They are stacking the hay in Brcko district in great heaps. Farmers, bent in half at the hips, raise their heads and squint their eyes to watch us pass. The road continues up the mountain. At some point we are afraid that the car won’t make it and we look for a place to turn around. In a small clearing, a boy and his father skin a rabbit which is hanging from a telephone pole. It is steaming in the cold. On the hill, they are lighting fires: clearing up before the winter comes.

A graveyard in the mountains.
A Muslim Graveyard up in the mountains. Bosnia is a country full of graves, many of them new.
A haystack typical of Brcko District.
A farmer preparing his fields for winter.



Anyone who wishes to know what I got up to in Budapest, need only follow the trail of my parking fines. They lead from Józsefváros in Pest, to Bikás park, to the scenic cliffs in Buda that look over the city, the slow ships on the river Danube, and the dark plains beyond.

Parking fines come in what resembles a dog waste-bag, tucked affectionately under the windshield wiper. Once you get one, you begin to see them everywhere. When you see a car with a pile of six or seven, you can’t help but wince in solidarity.

Why did I end up with so many parking fines, you might ask? Why not just pay for a ticket like everyone else? I need only show you Budapest’s parking machines with instructions solely in Hungarian, looking like relics from the Communist times and you will understand my desperation. In the five minutes it takes to find, examine and stand gaping at the machine,  a green bag will have already landed on the windshield.

A few streets in Józsefváros, where I’m staying, are being torn up and redone. When Friday evening comes, the street becomes still, and tools and materials are left here and there, waiting for Monday. When Monday comes, the workers return, and with them, the noise. After sitting for ten minutes on a bench in Józsefváros, a thin layer of dust has accumulated on my head and amidst all the working people, I look and feel useless.
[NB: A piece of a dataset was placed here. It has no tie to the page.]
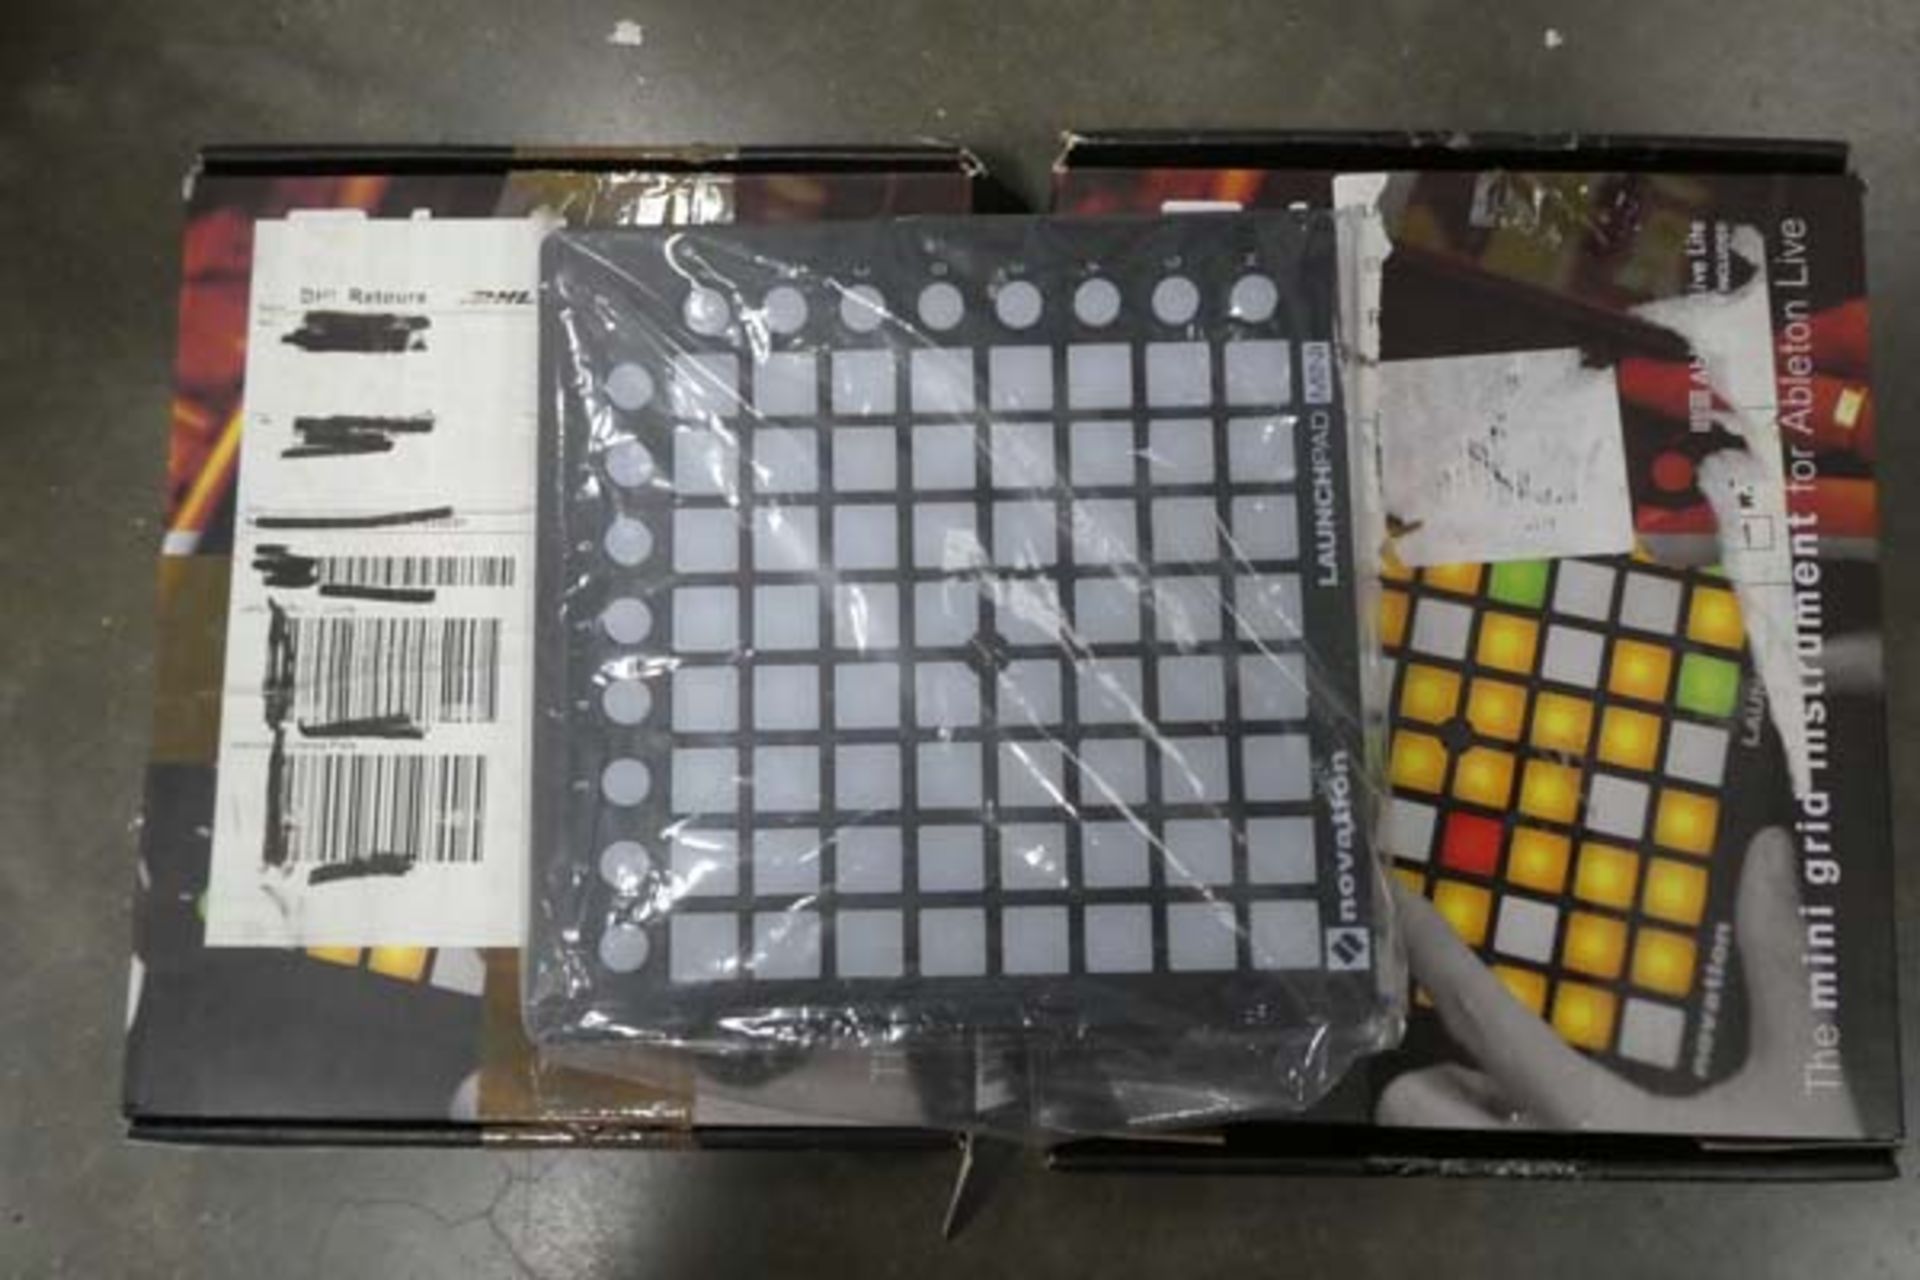 Two Novation Launchpad Mini USB kits in boxes

From this bench, I watch construction workers who gaze at iridescent green beetles on the sidewalk. I watch the shadows of yellow honey-locust trees on the walls. I watch the ticketing officer on his rounds. He slips green bags under the cars with a mournful expression (he doesn’t look nearly as mean as I imagined). I watch old women with shopping bags swinging, propelling them forward, youths who trip over their legs, and middle-aged men who drag their feet as if they weighed a million tons. I watch fights between lovers and neighbours passing objects through windows. When it becomes night, the street-lamps grow so dim that it’s impossible to see anything at all.

Leaving Budapest

Thin October sun falls sideways into the Budapest train station. I stand amongst a mass of people at the end of the platform. We fidget in anticipation of whoever is coming or perhaps our own going. The station is quiet, and somehow provincial: people run over the tracks and slip between standing trains. When the train from Munich finally arrives, Andreas gets off, very pale. He has the flu. We decide to spend two extra days in Budapest to let him rest. It’s the weekend, so I don’t have to worry about parking fines.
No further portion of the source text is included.